A tuple containing all points that are equivalent to $$[1:1:\dots:1]$$, the distinguished point of the big torus orbit.

EXAMPLES:

sage: P2_123 = toric_varieties.P2_123(base_ring=GF(5))                      # optional - sage.rings.finite_rings
sage: ni = P2_123.point_set()._naive_enumerator()                           # optional - sage.rings.finite_rings
sage: ni.rescalings()                                                       # optional - sage.rings.finite_rings
((1, 1, 1), (1, 4, 4), (4, 2, 3), (4, 3, 2))

sage: dP8 = toric_varieties.dP8(base_ring=GF(3))                            # optional - sage.rings.finite_rings
sage: ni = dP8.point_set()._naive_enumerator()                              # optional - sage.rings.finite_rings
sage: ni.rescalings()                                                       # optional - sage.rings.finite_rings
((1, 1, 1, 1), (1, 2, 2, 2), (2, 1, 2, 1), (2, 2, 1, 2))

sage: P1xP1 = toric_varieties.P1xP1(base_ring=GF(3))                        # optional - sage.rings.finite_rings
sage: ni = P1xP1.point_set()._naive_enumerator()                            # optional - sage.rings.finite_rings
sage: ni.rescalings()                                                       # optional - sage.rings.finite_rings
((1, 1, 1, 1), (1, 1, 2, 2), (2, 2, 1, 1), (2, 2, 2, 2))

roots(n)#

Return the n-th roots in the base field

INPUT:

• n integer.

OUTPUT:

Tuple containing all n-th roots (not only the primitive ones).
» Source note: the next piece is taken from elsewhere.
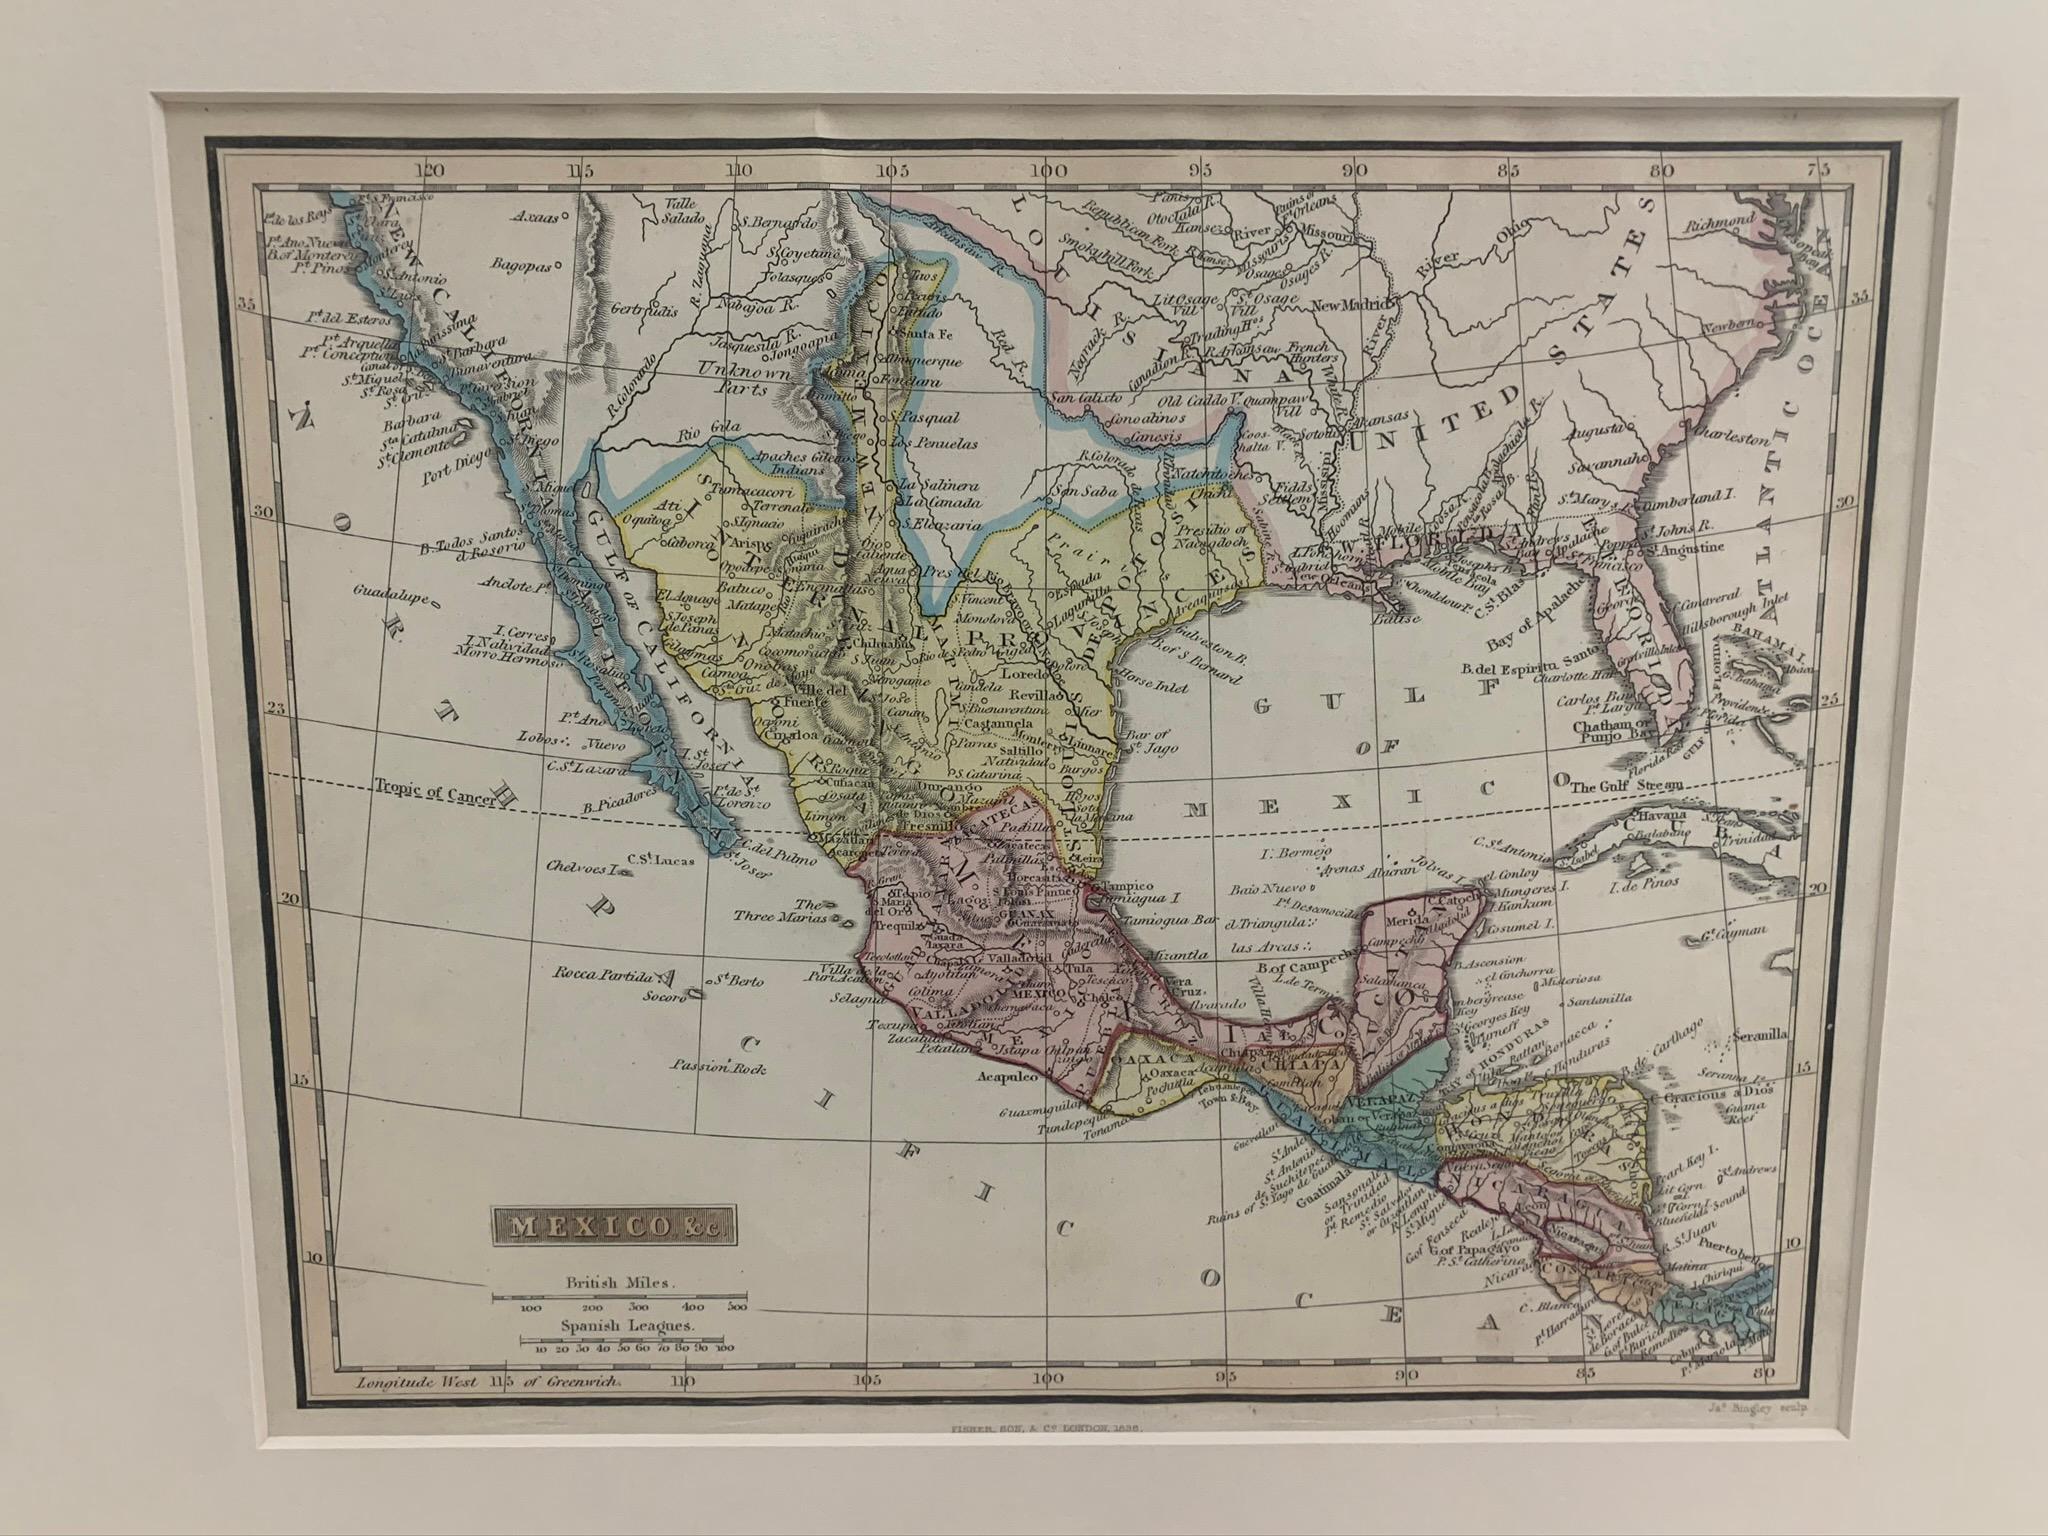 Carte encadrée de 1838 du Mexique et du golfe du Mexique. Imprimé par Fisher, Son & Co. de Londres en 1838. État de l'encadrement tel qu'il a été trouvé. La carte n'a pas été examinée en dehors du cadre. 
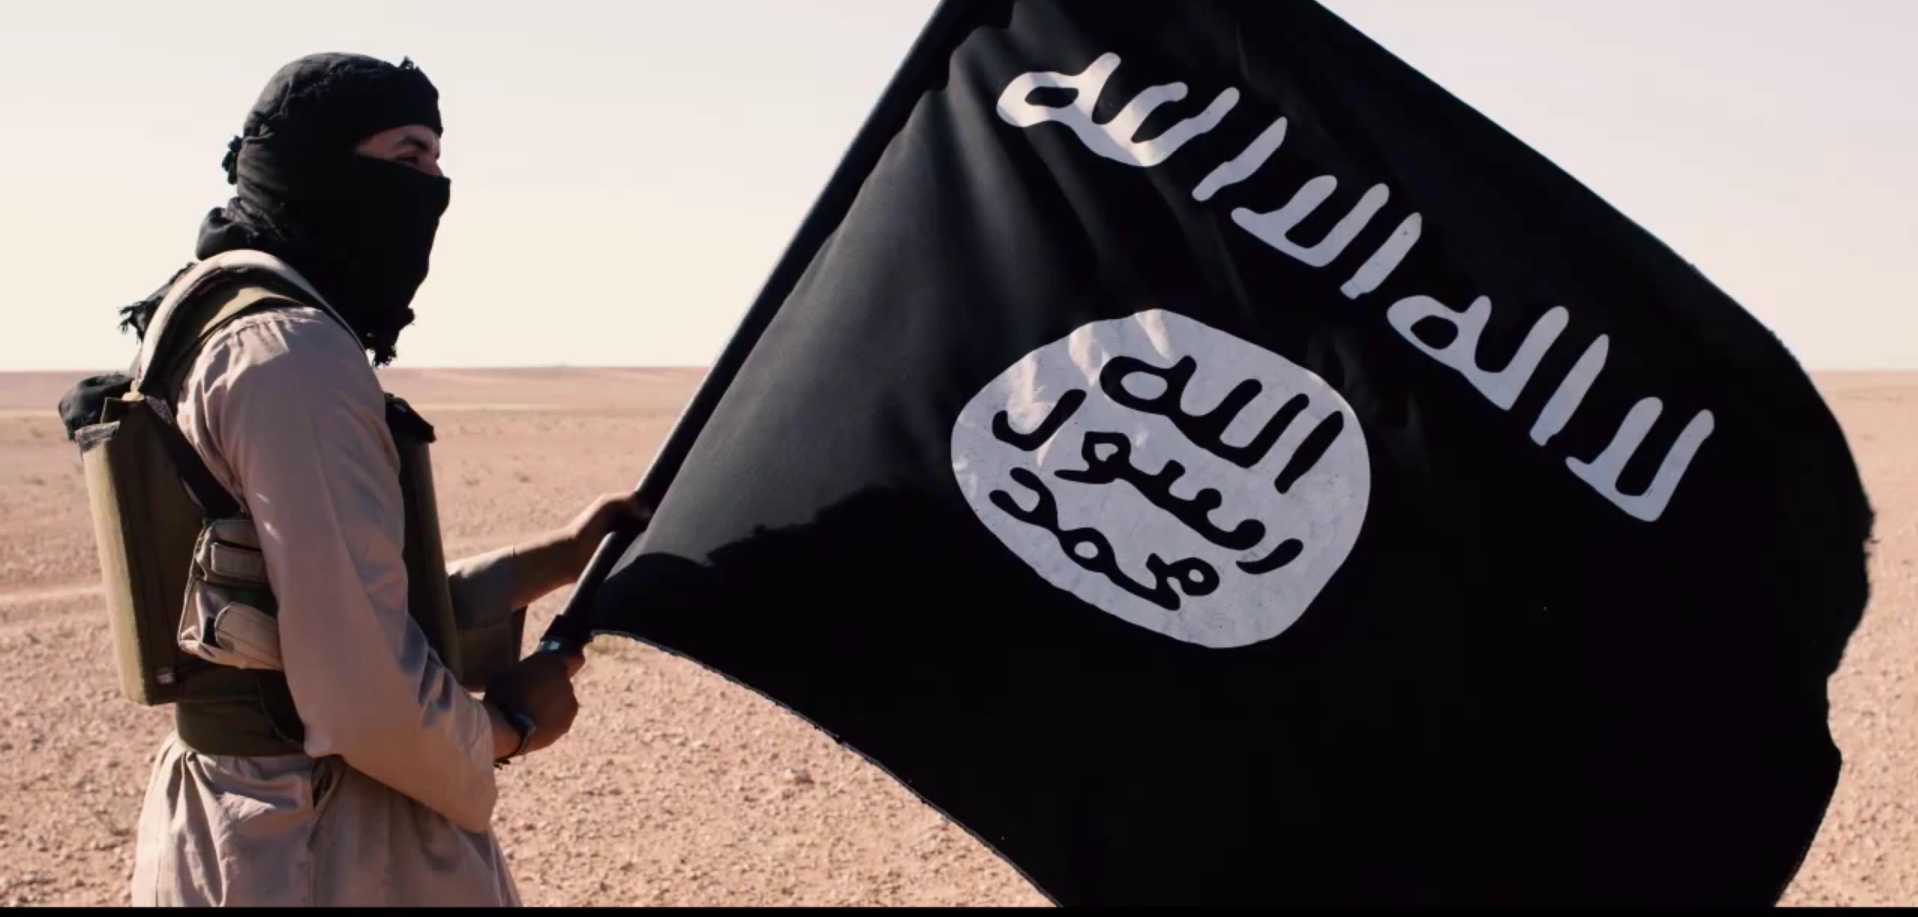 Игил по английски. Флаг ИГИЛ. Исламское государство террористическая организация флаг.

In particular, 1 is included.

EXAMPLES:

sage: P2 = toric_varieties.P2(base_ring=GF(5))                              # optional - sage.rings.finite_rings
sage: ne = P2.point_set()._naive_enumerator()                               # optional - sage.rings.finite_rings
sage: ne.roots(2)                                                           # optional - sage.rings.finite_rings
(1, 4)
sage: ne.roots(3)                                                           # optional - sage.rings.finite_rings
(1,)
sage: ne.roots(4)                                                           # optional - sage.rings.finite_rings
(1, 2, 3, 4)

units()#

Return the units in the base field.

EXAMPLES:

sage: P2 = toric_varieties.P2(base_ring=GF(5))                              # optional - sage.rings.finite_rings
sage: ne = P2.point_set()._naive_enumerator()                               # optional - sage.rings.finite_rings
sage: ne.units()                                                            # optional - sage.rings.finite_rings
(1, 2, 3, 4)

class sage.schemes.toric.points.NaiveSubschemePointEnumerator(polynomials, ambient)#

Bases: object

Point enumerator for algebraic subschemes of toric varieties.

INPUT:

• polynomials – list/tuple/iterable of polynomials. The defining polynomials.

• ambient – enumerator for ambient space points.